Voici quelques extraits d’un nouveau livre d’Olivier Mathieu UNE DERNIÈRE LEÇON DE MON ÉCOLE (MA VIE EN BLOND ET CHÂTAIN), livre qui vient tout juste de sortir.

Un livre fort bref (une quarantaine de pages) et au tirage limité à trois cents exemplaires, numérotés à la main et signés par l’auteur.

Et au titre inspiré par François Villon. Livre qui rend hommage à David Hamilton, mais aussi à Gunter Sachs, Klaus Rainer Röhl (le créateur du journal Konkret), August Wilhelm Fleckhaus, Roland Jaccard, et tant d’autres. 

La photographie de couverture est l’œuvre de Max Stolzenberg, photographe allemand, ami de David Hamilton.

  

Ah! La première bouffée matinale d’air frais, au début du printemps, dans une ville aimée! Pourtant le jeune homme que j’étais, sautant sur le quai de Santa Lucia, n’était déjà plus celui qui était monté dans un train, la veille, à Paris. Chaque syllabe que l’on a prononcée, chaque caresse que l’on a esquissée, chaque voyage que l’on a accompli ont été commencés lors d’un instant qui a immédiatement été englouti par le passé. Ils ont été achevés à un moment qui, tout pareillement, a basculé dans l’autrefois. Le présent n’existe pas. Ou alors, seul le présent existe. Marly-le-Roi, Berre-des-Alpes, Arromanches, Venise, Florence, les lieux qui ont compté pour moi, n’ont guère pu s’incarner que dans mon désir d’eux. Ils ne pourront plus exister que dans la nostalgie qu’ils m’inspirent.

Il n’y a presque jamais eu d’éternité suspendue, entre le passé disparu sans retour et l’inaccessible avenir. Pourtant, chaque mercredi du mois de mars 1978, avant les boums de la MJC des Grandes Terres, je faisais tourner sur mon électrophone Thorens d’anciens 33 tours. Je suis peut-être encore là-bas, dans ma chambre du 7 square des Aubades, épiant à travers les fentes de mes volets l’arrivée de Véronique et Corinne.
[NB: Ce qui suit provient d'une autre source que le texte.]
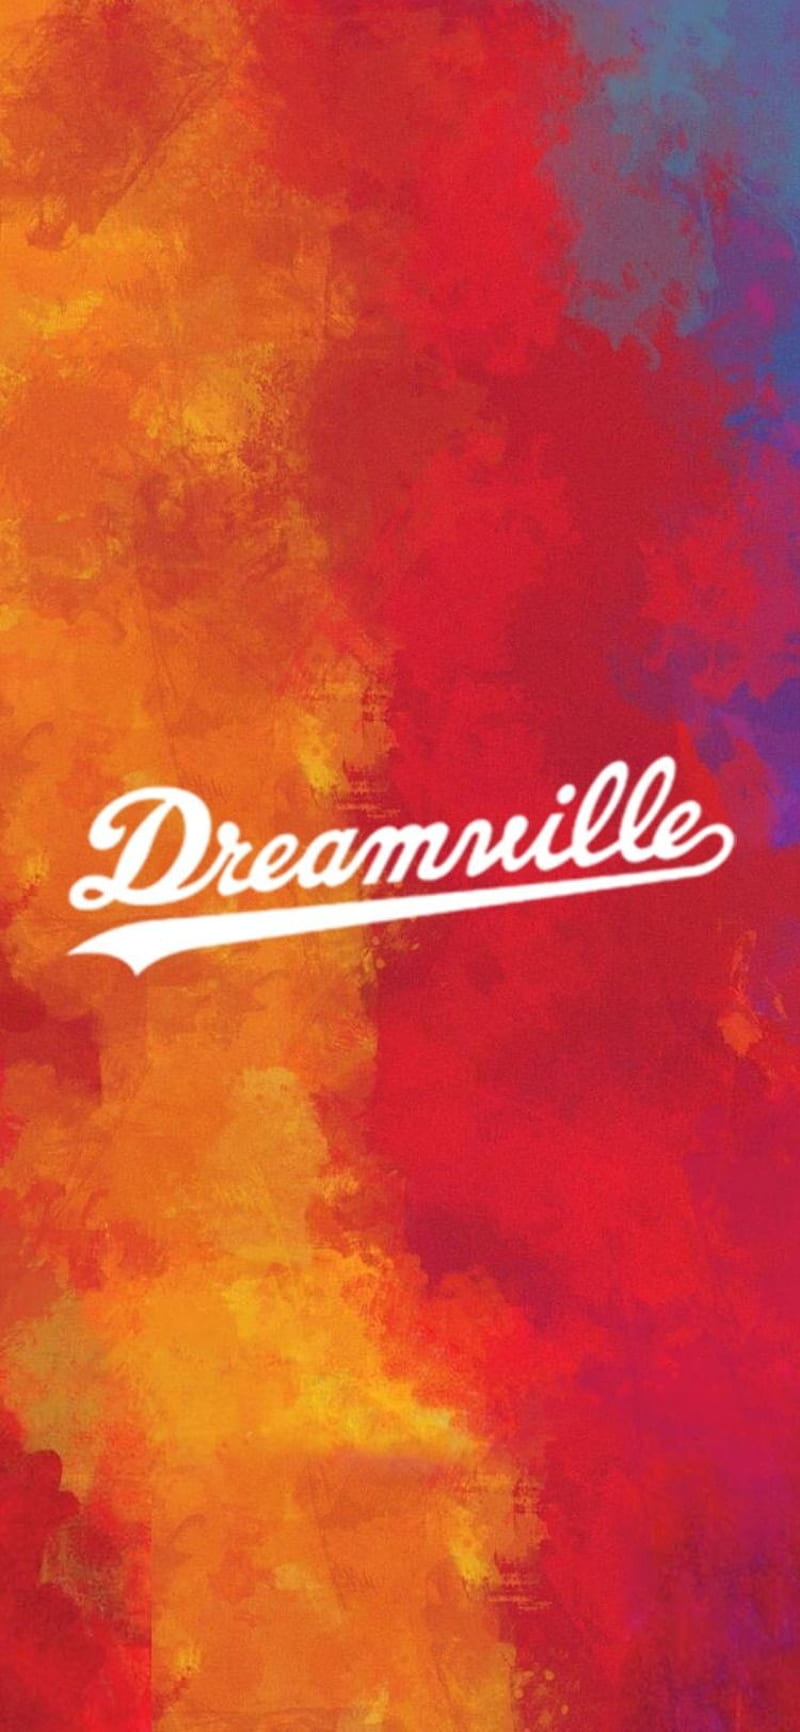 Dreamville, hip hop, j cole, music, rap, HD phone wallpaper

Ah! Qui nous rendra les longs regards et les sourires timides d’une écolière de quatorze ans à la voix fluette sous le ciel des banlieues parigotes, mâchonnant peut-être sans malice un crayon, bâclant ses devoirs à la table d’un café, cachée derrière la cascade de ses cheveux qui se répandent sur son cahier? “Qu’est-ce que tu étudies?” lui demandais-je. Elle levait vers moi ses grands yeux brillants et purs et répondait: “Les sentiments”. Printemps de david-hamiltonienne lumière…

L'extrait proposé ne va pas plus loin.